The women generally expressed their praises of the music after a different fashion from that employed by the men. They always found some personal wish through which to express their emotions—some wish which showed that their desires were awakened, their inner feelings brought into play.
“I hope that God will help me to able to engage Stempenyu to play at the wedding-feast of my youngest daughter. That is all I wish for now!”
And, as for the young girls—the mademoiselles! They stood stock still, as if they were rooted to the spot. They could do nothing else but stare with wide-open eyes and mouth at the wonderful Stempenyu and his fiddle. They felt that they must not on any account attempt to move a limb, or even blind an eyelid.

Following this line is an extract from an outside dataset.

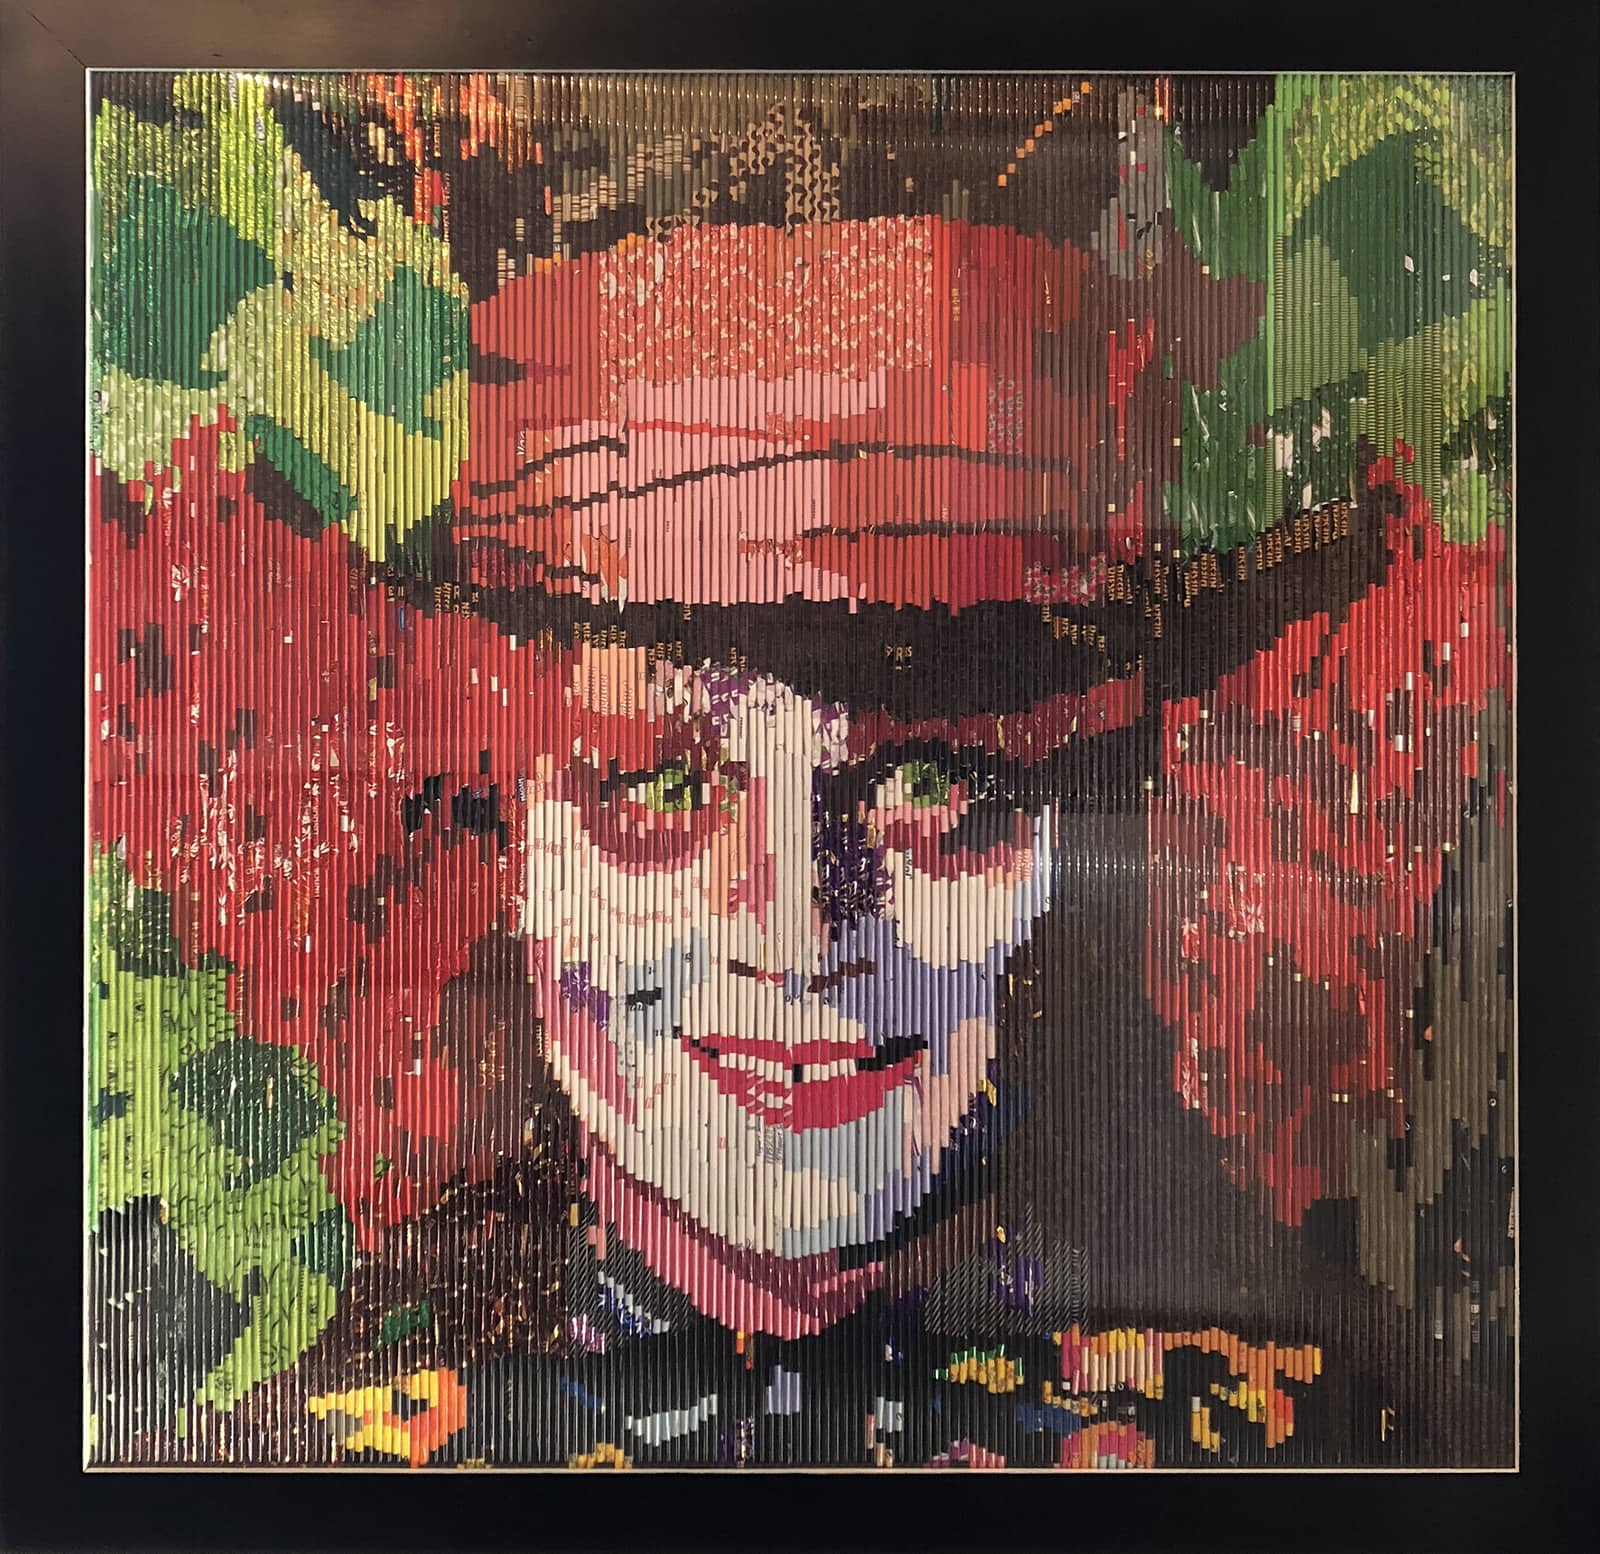 Mr. Hatter (J. Depp in Alice im Wunderland)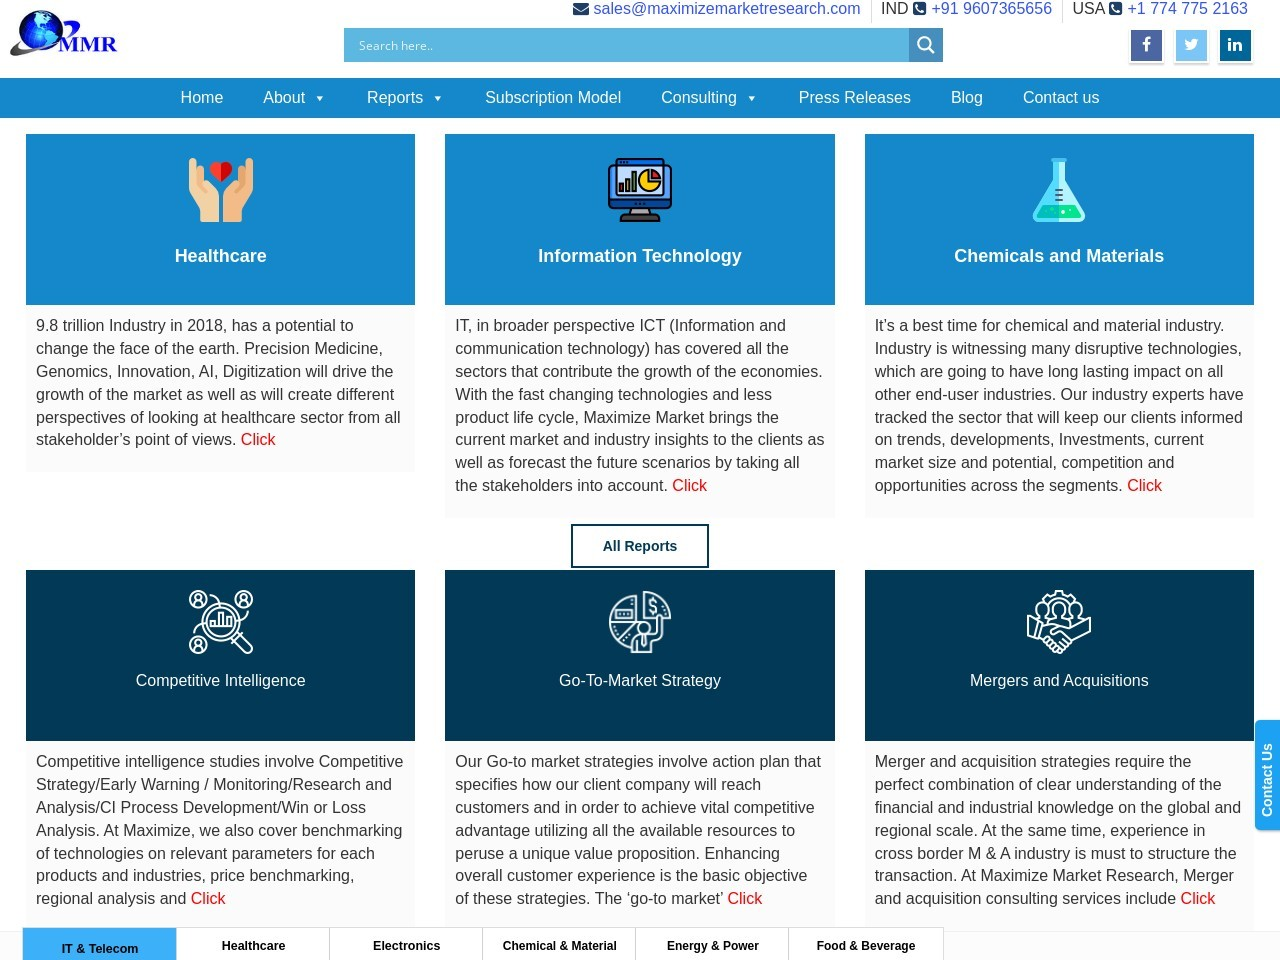 Global Online Book Services Market

There was a dead silence amongst them. Only here and there a little heart beat wildly, romantically—tick, tick, and tick! And, here and there a little sigh, so soft and low as scarcely to be heard, managed to make its escape from a little heaving breast.
II STEMPENYU AND HIS ORCHESTRA
The tumult and the excitement that arose when Stempenyu and his orchestra made their appearance in a village, and the enthusiasm which prevailed the whole time that he stayed there, are quite beyond description.
“Look! I can see a huge covered wagon drawn by several horses making its way towards us. Can that be the wedding guests—the bridegroom and his people?”
“Not at all. That must be the musicians—Stempenyu and his orchestra.”
“Oh, Stempenyu! Do you think that Stempenyu has come already? And, won’t it be a fine, jolly wedding, that of Chayam-Benzion Glock’s daughter—won’t it?”
The news of Stempenyu’s arrival coming spread like wildfire. Every single inhabitant of the village felt as if Stempenyu was going to pay him or her a special visit. The women blushed scarlet, and the young girls rushed off to braid and plait their long hair; while the little boys tucked up the legs of their trousers, to avoid the mud splashing on them, and rushed forward with leaps and bounds to meet Stempenyu’s wagon as it slowly came into the village. And, even the old men with the long beards and the big families, did not stop to hide their joy at the news that Stempenyu was coming to play at the wedding that was about to take place in their midst. They forgot their dignity; they even forgot their duty and responsibility towards the younger generation. Their dignity and decorum they cast into winds. They were too overjoyed to consider these matters of which they seldom lost sight on any occasion. But, after all, this was something altogether exceptional. Why should they not rejoice? Why should they remember anything when they were not going to pay the costs of bringing over Stempenyu and his orchestra to play at the wedding?